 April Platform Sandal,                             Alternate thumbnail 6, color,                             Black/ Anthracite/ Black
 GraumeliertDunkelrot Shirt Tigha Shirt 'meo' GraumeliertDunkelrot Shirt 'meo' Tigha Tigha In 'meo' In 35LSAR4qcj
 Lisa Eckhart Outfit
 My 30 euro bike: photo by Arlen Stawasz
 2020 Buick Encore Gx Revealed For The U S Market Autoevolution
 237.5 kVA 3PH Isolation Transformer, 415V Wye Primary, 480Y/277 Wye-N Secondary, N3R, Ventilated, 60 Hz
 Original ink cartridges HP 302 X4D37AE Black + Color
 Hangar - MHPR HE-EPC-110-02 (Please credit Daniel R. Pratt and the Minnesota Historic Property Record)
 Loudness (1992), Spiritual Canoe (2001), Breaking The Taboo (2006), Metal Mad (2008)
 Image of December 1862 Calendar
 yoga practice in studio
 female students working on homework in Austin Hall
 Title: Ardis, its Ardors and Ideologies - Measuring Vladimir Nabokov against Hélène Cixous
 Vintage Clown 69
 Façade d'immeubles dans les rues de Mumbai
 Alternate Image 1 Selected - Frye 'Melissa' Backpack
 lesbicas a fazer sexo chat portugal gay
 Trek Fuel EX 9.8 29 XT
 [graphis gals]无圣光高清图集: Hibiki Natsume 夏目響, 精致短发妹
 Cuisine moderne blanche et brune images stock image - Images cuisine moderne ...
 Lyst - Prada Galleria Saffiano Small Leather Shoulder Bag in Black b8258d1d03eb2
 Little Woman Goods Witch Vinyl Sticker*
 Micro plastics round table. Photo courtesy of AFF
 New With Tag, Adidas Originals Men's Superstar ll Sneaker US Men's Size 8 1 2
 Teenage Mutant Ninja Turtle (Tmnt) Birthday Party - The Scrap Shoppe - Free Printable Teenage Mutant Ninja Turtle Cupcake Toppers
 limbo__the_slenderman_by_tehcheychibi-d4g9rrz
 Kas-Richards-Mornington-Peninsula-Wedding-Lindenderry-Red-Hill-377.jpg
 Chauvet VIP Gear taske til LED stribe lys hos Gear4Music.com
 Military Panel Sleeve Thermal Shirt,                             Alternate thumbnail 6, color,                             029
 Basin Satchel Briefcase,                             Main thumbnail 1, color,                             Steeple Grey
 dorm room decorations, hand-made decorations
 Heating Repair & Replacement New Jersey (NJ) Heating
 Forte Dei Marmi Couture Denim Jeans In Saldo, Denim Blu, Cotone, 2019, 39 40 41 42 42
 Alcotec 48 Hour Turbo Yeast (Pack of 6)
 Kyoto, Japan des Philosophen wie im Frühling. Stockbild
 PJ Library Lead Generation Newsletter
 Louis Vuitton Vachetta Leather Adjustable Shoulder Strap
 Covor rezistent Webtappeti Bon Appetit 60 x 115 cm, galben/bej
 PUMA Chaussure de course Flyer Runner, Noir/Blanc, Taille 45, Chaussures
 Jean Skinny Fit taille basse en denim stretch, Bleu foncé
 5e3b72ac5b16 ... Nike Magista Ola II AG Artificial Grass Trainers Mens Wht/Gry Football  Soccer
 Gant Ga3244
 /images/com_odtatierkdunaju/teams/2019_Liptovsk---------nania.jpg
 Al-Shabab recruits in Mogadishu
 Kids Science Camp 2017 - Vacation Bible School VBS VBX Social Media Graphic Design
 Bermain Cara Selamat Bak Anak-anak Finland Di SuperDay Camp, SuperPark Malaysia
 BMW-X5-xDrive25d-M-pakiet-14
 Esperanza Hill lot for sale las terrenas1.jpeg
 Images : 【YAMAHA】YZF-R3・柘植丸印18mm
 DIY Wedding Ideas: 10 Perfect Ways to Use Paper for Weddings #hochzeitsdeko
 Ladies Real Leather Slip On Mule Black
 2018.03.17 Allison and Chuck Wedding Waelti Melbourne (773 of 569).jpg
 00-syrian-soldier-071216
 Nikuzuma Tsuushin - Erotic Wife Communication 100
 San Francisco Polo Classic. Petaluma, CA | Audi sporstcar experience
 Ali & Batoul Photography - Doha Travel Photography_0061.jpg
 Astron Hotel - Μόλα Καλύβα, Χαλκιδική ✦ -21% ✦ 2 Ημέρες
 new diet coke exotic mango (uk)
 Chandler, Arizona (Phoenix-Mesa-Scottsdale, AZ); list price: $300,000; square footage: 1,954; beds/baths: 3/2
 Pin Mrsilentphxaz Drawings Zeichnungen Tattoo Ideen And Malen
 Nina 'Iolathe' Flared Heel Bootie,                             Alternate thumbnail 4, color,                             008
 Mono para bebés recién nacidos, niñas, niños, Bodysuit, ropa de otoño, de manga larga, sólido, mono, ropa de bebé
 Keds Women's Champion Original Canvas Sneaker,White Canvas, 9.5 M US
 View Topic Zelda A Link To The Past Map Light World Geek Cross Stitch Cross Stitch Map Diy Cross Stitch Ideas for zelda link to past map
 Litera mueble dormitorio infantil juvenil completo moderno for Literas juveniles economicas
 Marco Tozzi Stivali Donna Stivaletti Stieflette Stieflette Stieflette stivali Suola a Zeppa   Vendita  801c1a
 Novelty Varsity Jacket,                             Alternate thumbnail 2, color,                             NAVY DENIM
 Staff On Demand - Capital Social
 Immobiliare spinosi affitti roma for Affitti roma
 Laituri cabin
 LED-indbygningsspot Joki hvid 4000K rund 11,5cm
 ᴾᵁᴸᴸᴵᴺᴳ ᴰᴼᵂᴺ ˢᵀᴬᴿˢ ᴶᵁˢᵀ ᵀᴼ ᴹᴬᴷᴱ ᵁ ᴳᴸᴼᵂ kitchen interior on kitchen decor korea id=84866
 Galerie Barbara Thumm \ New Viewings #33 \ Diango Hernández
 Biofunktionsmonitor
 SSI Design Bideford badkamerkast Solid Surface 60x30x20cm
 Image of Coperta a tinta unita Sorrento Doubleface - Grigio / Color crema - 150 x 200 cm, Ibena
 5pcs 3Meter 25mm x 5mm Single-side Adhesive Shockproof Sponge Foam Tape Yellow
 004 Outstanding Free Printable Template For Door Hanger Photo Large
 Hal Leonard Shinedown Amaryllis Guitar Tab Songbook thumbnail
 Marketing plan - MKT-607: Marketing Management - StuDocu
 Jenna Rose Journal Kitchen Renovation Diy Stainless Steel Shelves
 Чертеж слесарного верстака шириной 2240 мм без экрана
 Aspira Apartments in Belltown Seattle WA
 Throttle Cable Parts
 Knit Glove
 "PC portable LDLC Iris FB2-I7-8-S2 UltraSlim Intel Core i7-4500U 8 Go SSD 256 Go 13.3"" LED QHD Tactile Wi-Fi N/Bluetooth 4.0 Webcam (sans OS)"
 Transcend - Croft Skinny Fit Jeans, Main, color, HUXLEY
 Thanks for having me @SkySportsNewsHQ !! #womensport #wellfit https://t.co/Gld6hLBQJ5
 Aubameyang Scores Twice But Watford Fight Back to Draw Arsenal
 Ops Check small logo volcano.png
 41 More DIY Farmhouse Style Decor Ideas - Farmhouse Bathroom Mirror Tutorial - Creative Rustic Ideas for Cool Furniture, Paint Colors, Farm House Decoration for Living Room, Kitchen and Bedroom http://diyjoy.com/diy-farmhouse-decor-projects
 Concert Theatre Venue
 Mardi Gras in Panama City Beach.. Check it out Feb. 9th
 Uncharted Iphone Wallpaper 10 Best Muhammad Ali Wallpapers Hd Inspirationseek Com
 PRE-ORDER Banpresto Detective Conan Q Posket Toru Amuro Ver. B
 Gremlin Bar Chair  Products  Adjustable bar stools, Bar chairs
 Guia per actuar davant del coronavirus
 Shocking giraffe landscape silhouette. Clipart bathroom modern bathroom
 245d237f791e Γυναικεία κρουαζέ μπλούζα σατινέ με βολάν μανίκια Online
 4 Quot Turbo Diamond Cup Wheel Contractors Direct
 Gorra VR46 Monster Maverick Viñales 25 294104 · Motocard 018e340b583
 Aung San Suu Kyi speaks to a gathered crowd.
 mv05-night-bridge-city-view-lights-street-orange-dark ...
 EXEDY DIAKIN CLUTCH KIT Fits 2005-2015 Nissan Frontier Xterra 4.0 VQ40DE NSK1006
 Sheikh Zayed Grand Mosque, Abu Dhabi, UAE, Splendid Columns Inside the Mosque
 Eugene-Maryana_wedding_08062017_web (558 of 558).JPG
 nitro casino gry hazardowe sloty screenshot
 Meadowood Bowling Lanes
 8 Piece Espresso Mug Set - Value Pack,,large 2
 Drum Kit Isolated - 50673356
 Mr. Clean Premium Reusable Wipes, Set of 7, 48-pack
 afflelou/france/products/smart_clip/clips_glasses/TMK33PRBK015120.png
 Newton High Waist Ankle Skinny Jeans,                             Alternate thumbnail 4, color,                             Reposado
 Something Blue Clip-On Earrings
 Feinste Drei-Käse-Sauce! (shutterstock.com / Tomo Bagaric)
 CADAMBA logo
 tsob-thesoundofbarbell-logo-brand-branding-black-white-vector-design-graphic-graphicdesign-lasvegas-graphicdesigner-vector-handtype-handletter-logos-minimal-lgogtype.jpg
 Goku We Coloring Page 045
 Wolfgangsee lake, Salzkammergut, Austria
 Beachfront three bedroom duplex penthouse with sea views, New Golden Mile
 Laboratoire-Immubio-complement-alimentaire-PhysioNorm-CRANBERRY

# # # # # # #

* **What to do**: Your answer must be the lines above from the one containing "EXEDY DIAKIN CLUTCH" to the one containing "8 Piece Espresso", both included, restated word for word.

* **Output below**:
 EXEDY DIAKIN CLUTCH KIT Fits 2005-2015 Nissan Frontier Xterra 4.0 VQ40DE NSK1006
 Sheikh Zayed Grand Mosque, Abu Dhabi, UAE, Splendid Columns Inside the Mosque
 Eugene-Maryana_wedding_08062017_web (558 of 558).JPG
 nitro casino gry hazardowe sloty screenshot
 Meadowood Bowling Lanes
 8 Piece Espresso Mug Set - Value Pack,,large 2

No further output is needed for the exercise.